When the occupation question came to me, I said I was a “professor of intellectual history.”

The judge looked up. “Where do you teach?” he asked.

Hesitating, I said I was not currently teaching, but had been, until this year, at Columbia.

He made a mark on the sheet in front of him. I felt nervous, afraid of my voice in the room. What we were doing seemed impossibly grave.

I glanced at Milcray, whose half-smiling face and lively eyes followed every exchange closely.

Very few of the people on the panel had no previous experience of crime. In bare phrases people shared fragments of large stories: family friend killed; got mugged twice, apartment robbed; held at gunpoint, robbed; car stolen, house robbed.

I said, “Two cars stolen, house robbed.”

In my wallet I still carried the insurance card from a brick-red '67 Chrysler Newport that had disappeared from a parking place on Osage Avenue in front of my house in West Philadelphia on a Thanksgiving morning many years earlier. I came out into the holiday air with a canister of auto-body cement and an orbital sander to do some work on a ding in the passenger-side door, and stood there stupidly, looking at the spot where I had left the car. Had my convertible dream turned into a blue pickup? For some inexplicable reason, I got down on my knees and looked under the truck.

The judge explained the standard of proof.

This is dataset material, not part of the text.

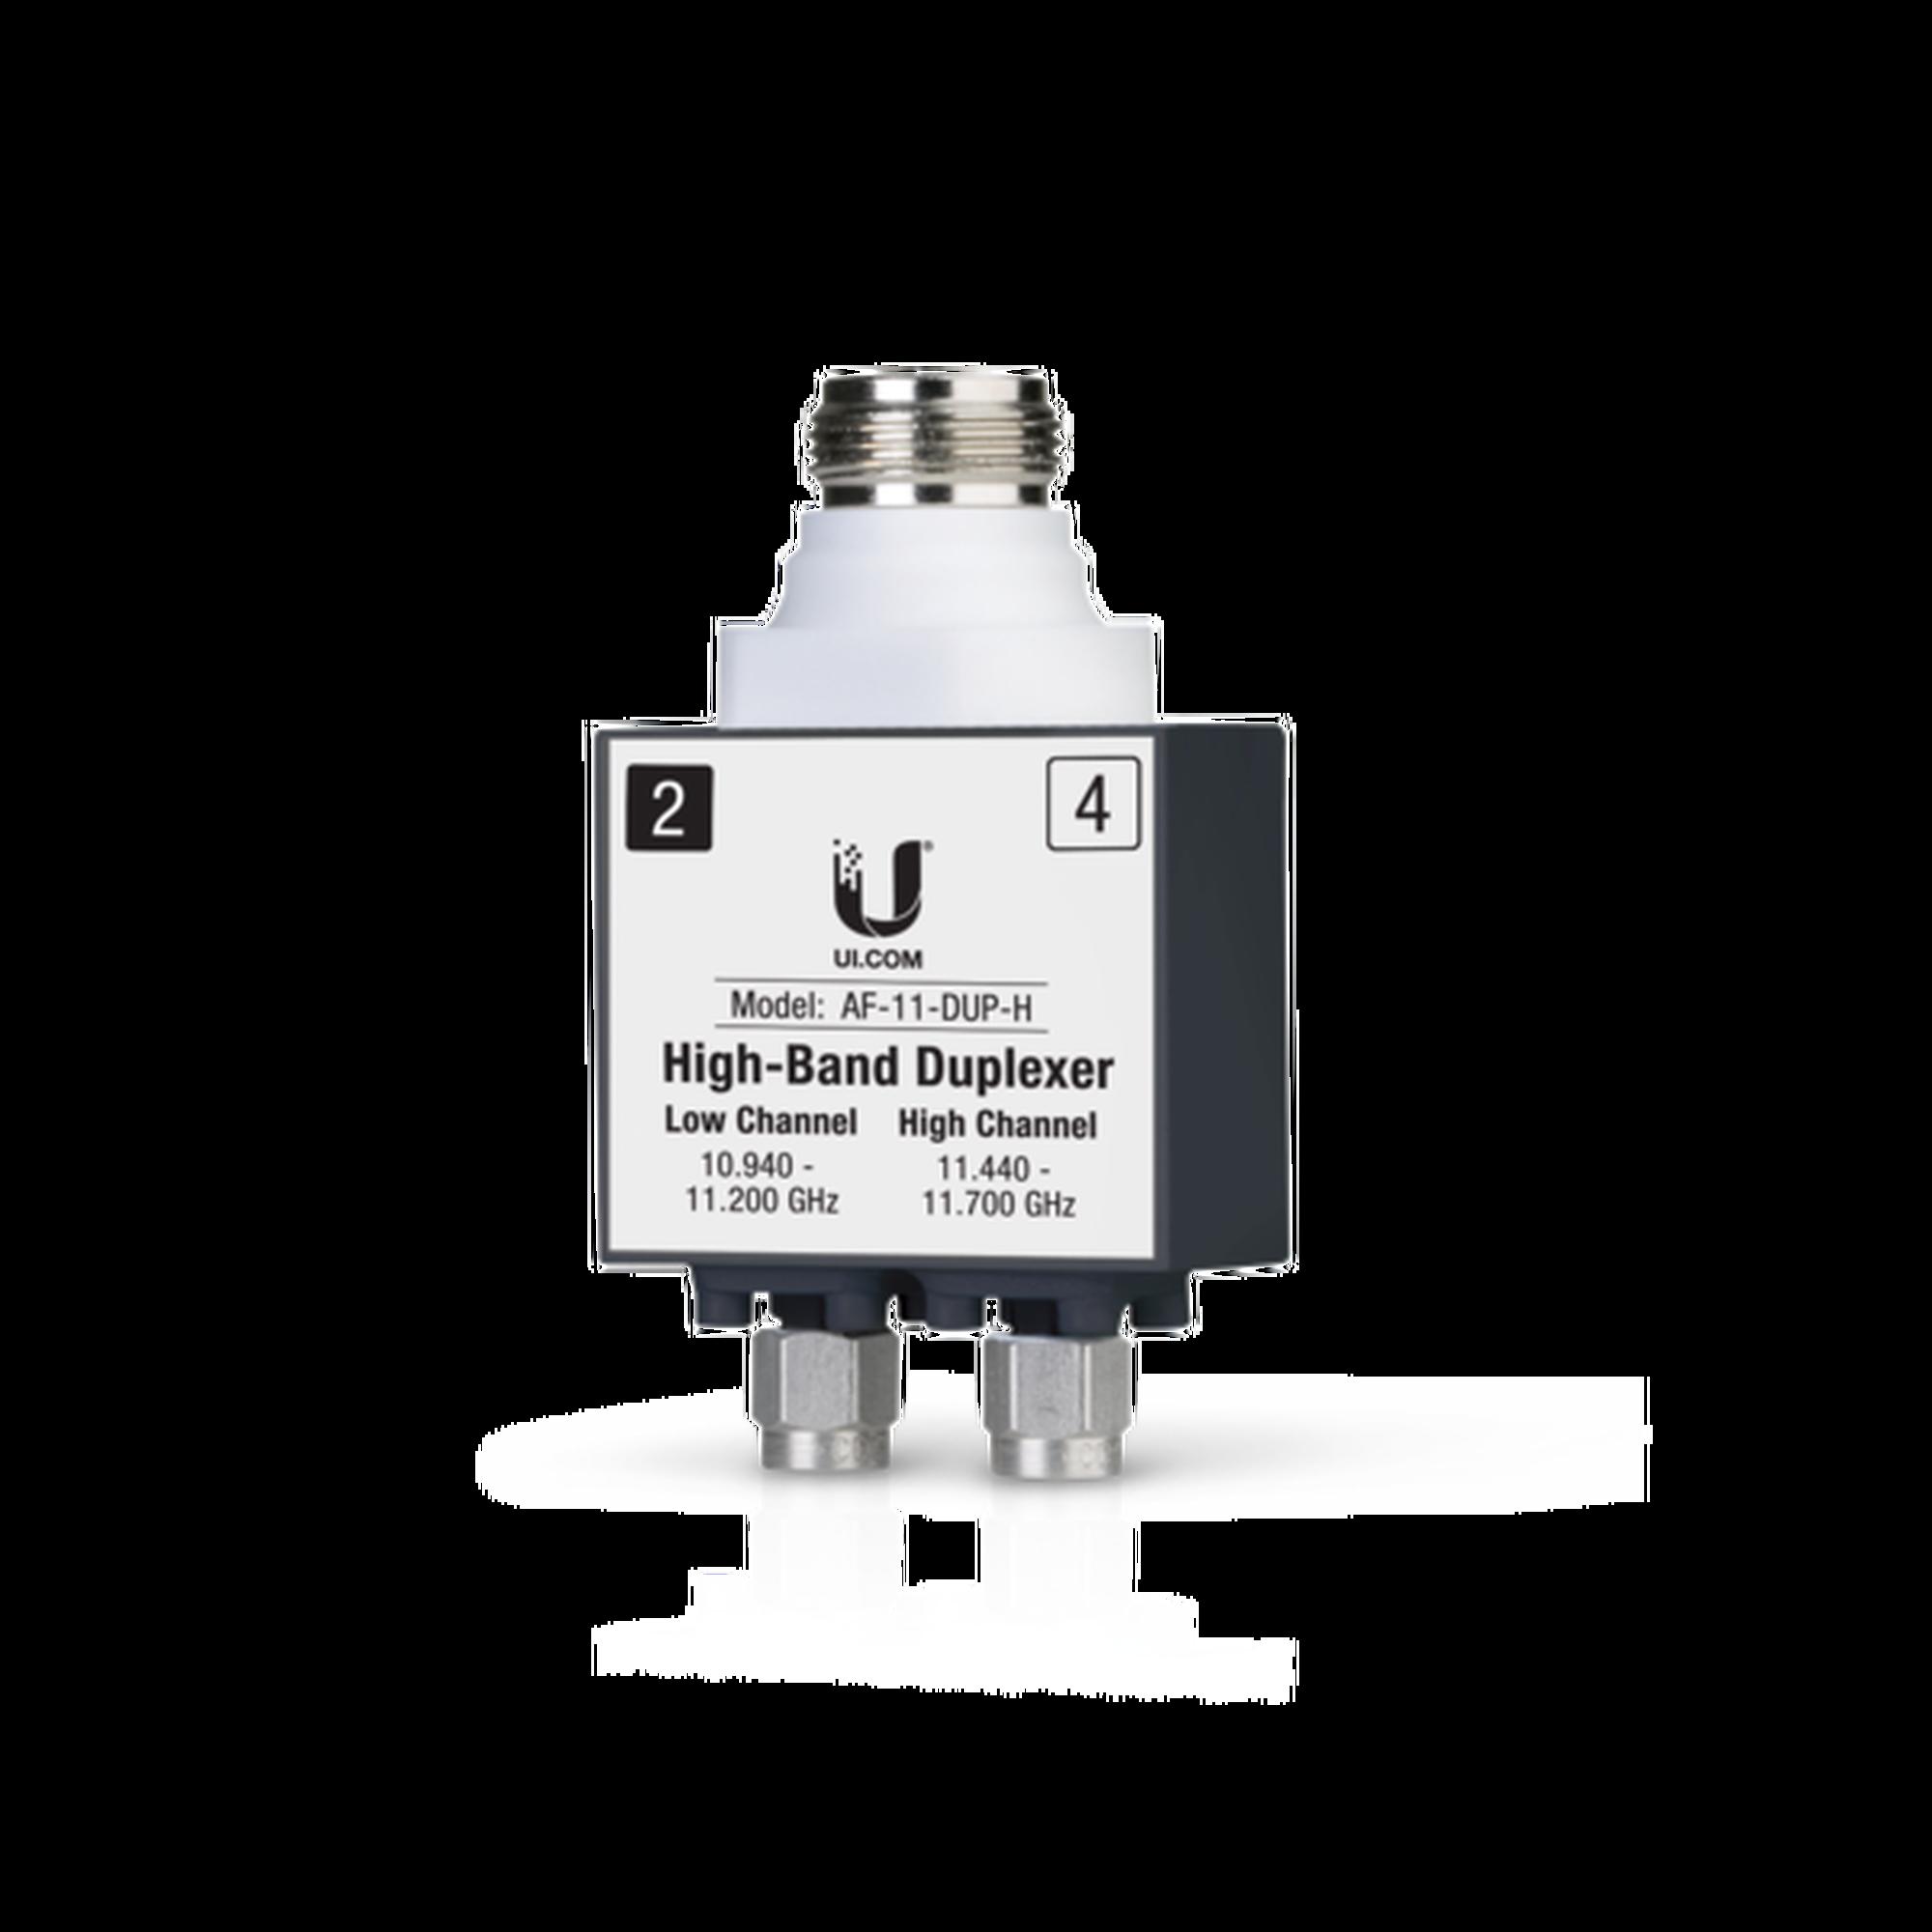 Duplexer para AF-11, banda licenciada de 11 GHz de banda alta (10.940-11.200 GHz y 11.440-11.700 GHz)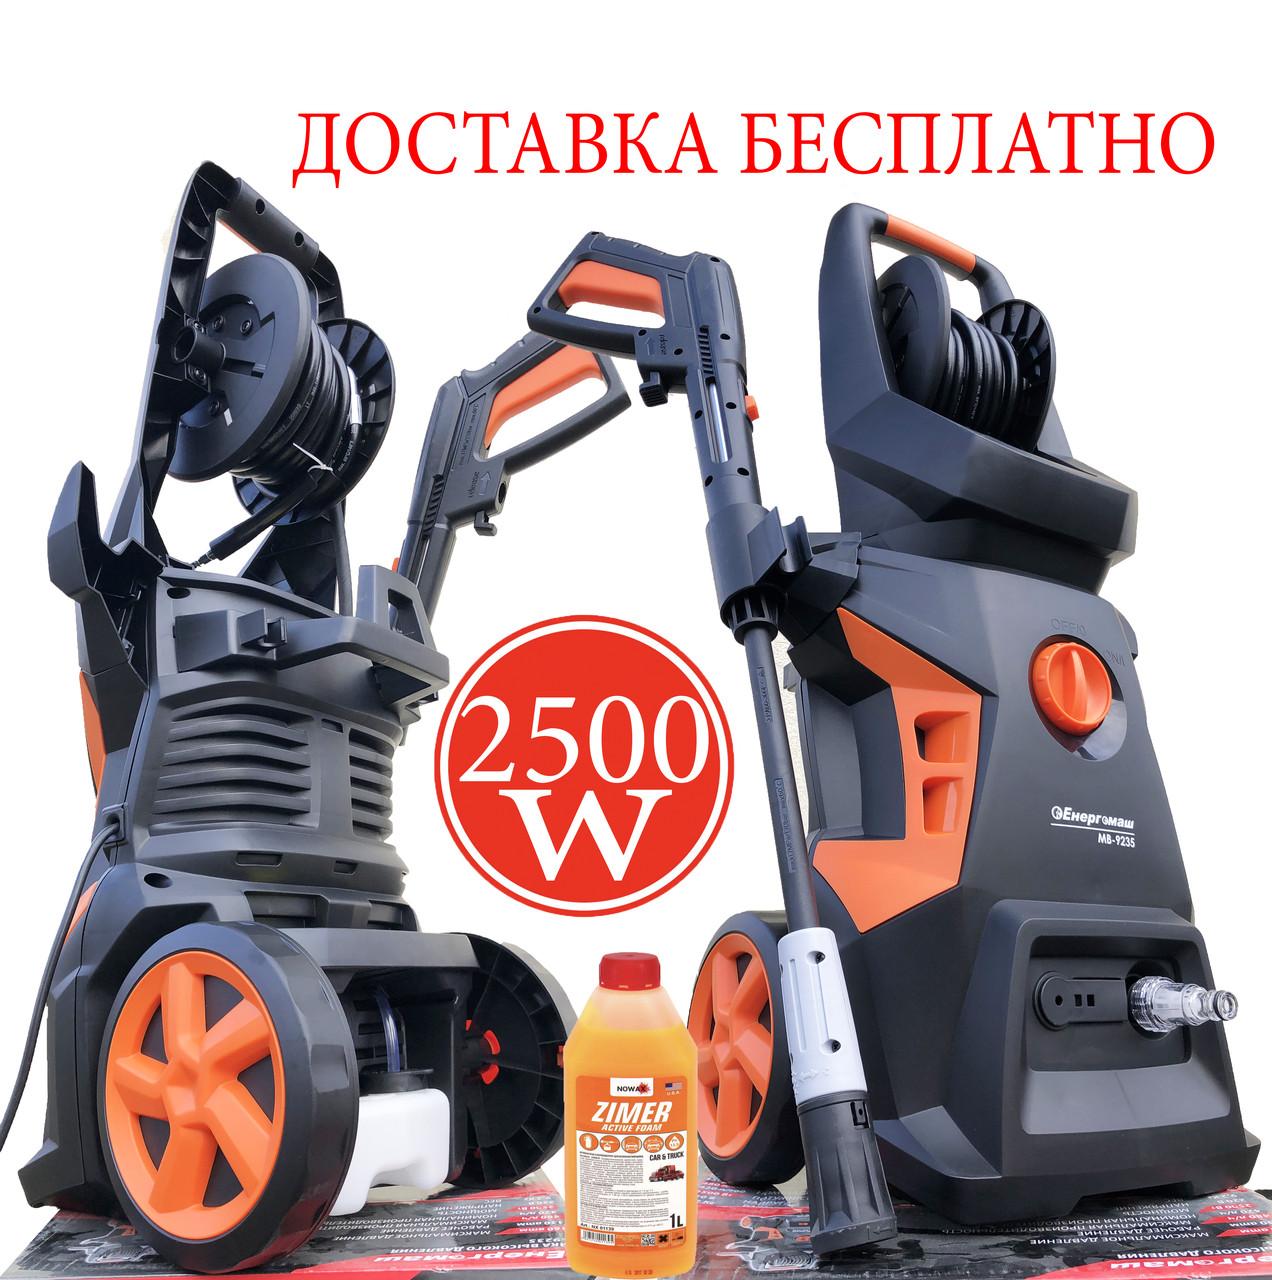 Мойка высокого давления Енергомаш МВ-9235 ,160 бар,2500 ват. + Автохимия+Доставка бесплатно

The state must prove its case beyond a reasonable doubt. Did we hear that? This did not mean mathematical certainty, but simply beyond the doubt of a reasonable person. “Is there anyone here,” the judge continued, “who would hold the state to an
unreasonable
standard?”

In my heightened state I felt a strange, somewhat manic delight. Most of my academic life had been spent studying the history of what people found reasonable—from alchemical conjurations to statistical facts. The history of science is, in a way, the history of what proofs have counted as “reasonable” in different communities at different moments. To agree on what is true—about nature, about God—has again and again proved a tall order, and the standard of “the reasonable man” was, I knew, yet another invention (like the laboratory, the footnote, the College of Cardinals) to make the difficult task of truth-seeking a little easier in certain contexts—courts of law in particular. It was a much-contested question, this business of who-all was “reasonable,” and what, precisely, such a person looked like. There was a history here.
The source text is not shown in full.